Existing standards for public roads in Sussex County are admittedly less stringent than those imposed by the State of Delaware, but that could cease to be the case under a directive passed by the Sussex County Council at their Tuesday, Jan. 8, meeting.
Asked by state Rep. Gerald Hocker (R-38th) whether the county had any input on the proposed House Bill 280 — which the General Assembly was due to begin considering again with the start Jan. 8 of a new legislative session — council members reviewed a series of recommendations from county engineering, legal and administrative officials as to how the draft legislation might be modified to better accommodate Sussex County.
HB 280 would require all roads in new subdivisions to adhere to those more-stringent state standards, where currently developers have a choice between state and county standards to which to adhere. Kent and New Castle counties already have such requirements for the state standards, officials noted.
But the recommendations to the council on Jan. 8 included an exemption in Sussex County for subdivisions with 15 or fewer lots, which the county would then govern under county law and regulations. Officials cited the potential cost differential between the two standards for such minor subdivisions and small projects as the reason for that exemption.
County Engineer Mike Izzo pointed to the potential instance of a “mom-and-pop subdivision,” in which case, he said, the added costs could prove an unreasonable burden.
“I think the costs will go up some,” he said. “And some of the state standards are not practical for private developments,” he added, citing an increasing trend toward commercial projects mixed with residential development. “State standards are not necessarily built for that kind of development.”
Izzo said some of the state standards are indeed above and beyond the county’s, which has already led to the realization of a need to modernize county standards for development taking place today, he said. “It used to be single-family homes on half-acre lots — things have changed.”
County engineers were already beginning the process of such updates when word of HB 280 came across their desks, according to Izzo.
Under the county’s proposed changes for HB 280, subdivisions with 16 or fewer lots would be subject to the state roadway standards, but the recommendations include a provision to specifically authorize the county to administer the bonding, review and inspection process, to collect fees for that work, and to use county bonding standards.
County bonding standards for roadways are substantially higher than state standards, requiring 125 percent of the cost of the project as a bond, whereas the state requires just 10 percent and New Castle County only 30 percent.

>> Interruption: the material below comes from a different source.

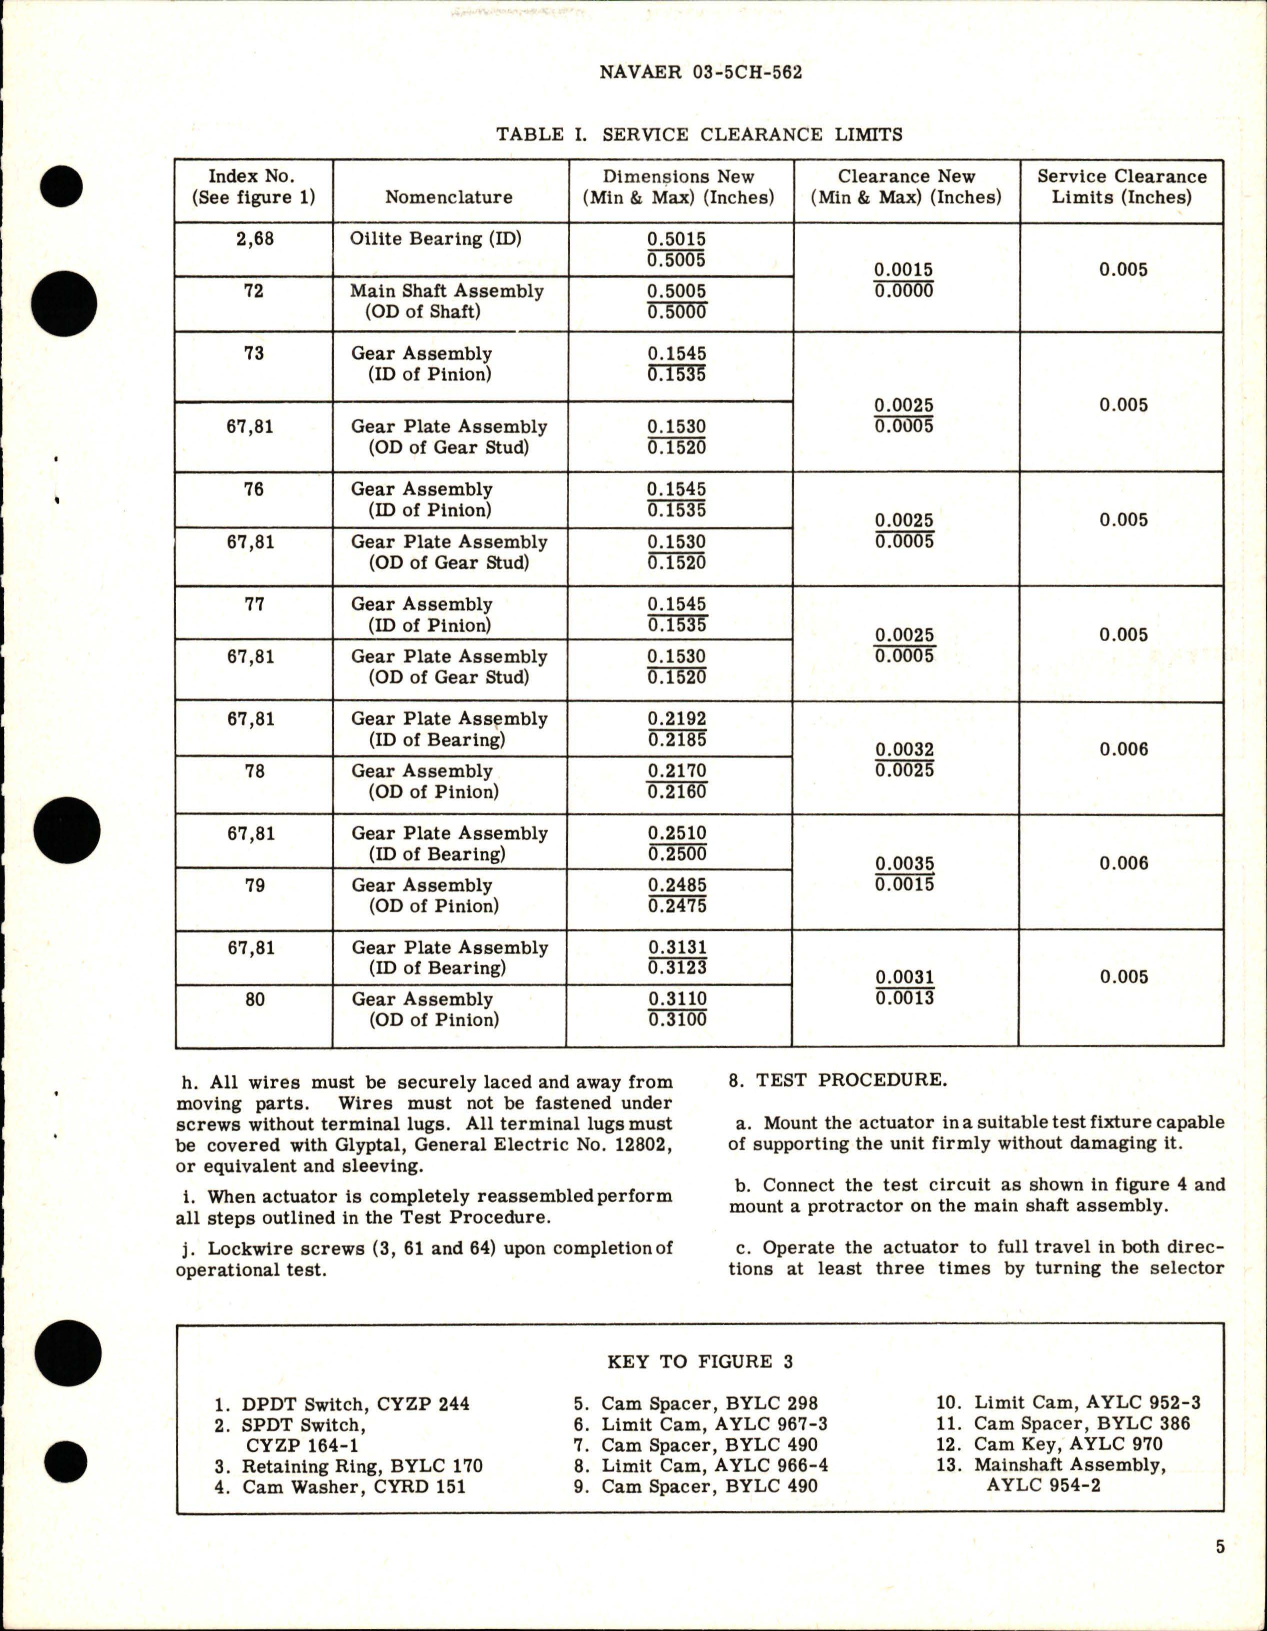 Sample page 5 from AirCorps Library document: Overhaul Instructions with Parts Breakdown for Rotary Actuator - AYLC 4424

Outgoing Council President Dale Dukes (D-1st) said on Jan. 8 that the reasoning for the county’s high bond percentage is for such case as a developer might simply walk away from an unfinished or poorly constructed project.
County Solicitor Jim Griffin noted Jan. 8 that a major flaw in HB 280, from the county’s perspective, is that the legislation puts the responsibility for administering the new requirements on the county but does not authorize it to collect fees and other costs associated with the review and inspection process.
Izzo said the county engineers were already used to doing such work, whereas the state does not have the staff to do this at this time. And he suggested the county could simply develop appropriate standards for roads in areas where the state has no such standards, without conflicting with state requirements or lessening the quality of the roadways.
In discussing the recommended changes to HB 280, council members focused on Izzo’s statement that county engineers had been ready to get started on updating the county’s own standards.
“We had planned to do that and were on track to do so when this came up,” Izzo said.
Councilman George Cole (R-4th) recommended that such being the case, the county simply go ahead and update the standards to meet or beat the state standards and not worry about HB 280.
But Izzo said the full set of state standards — including drainage and other related issues — could pose a problem for the county if it focused simply on updating its own road construction standards.
Griffin said the origin of HB 280 was likely in complaints from property owners about being required to foot the bill for reconstructing their private roads to state standards when the roads were due to be dedicated to public use – usually years after a developer has turned them over to home owners.
County Administrator David Baker recommended the council provide input to Hocker for possible amendments to HB 280, as he had been told it was a high priority for some state representatives.
New Council President Finley Jones (D-2nd) pointed to what might be behind at least of the push, saying that it seemed to be reflecting a draw on municipal street aid funds controlled by coastal legislators, with funds falling short at times. Jones said required improvements to roads in some private communities were pushing property owners to look for someone else to foot the bill, increasing the draw on legislators’ allocations.
Council members were solidly in favor of updating the county’s own standards for road construction on Tuesday, but hedged their bets with the recommended set of amendments and exemptions from the county’s engineers, which were to be forwarded to Hocker for consideration as HB 280 returns to legislators’ attention this session.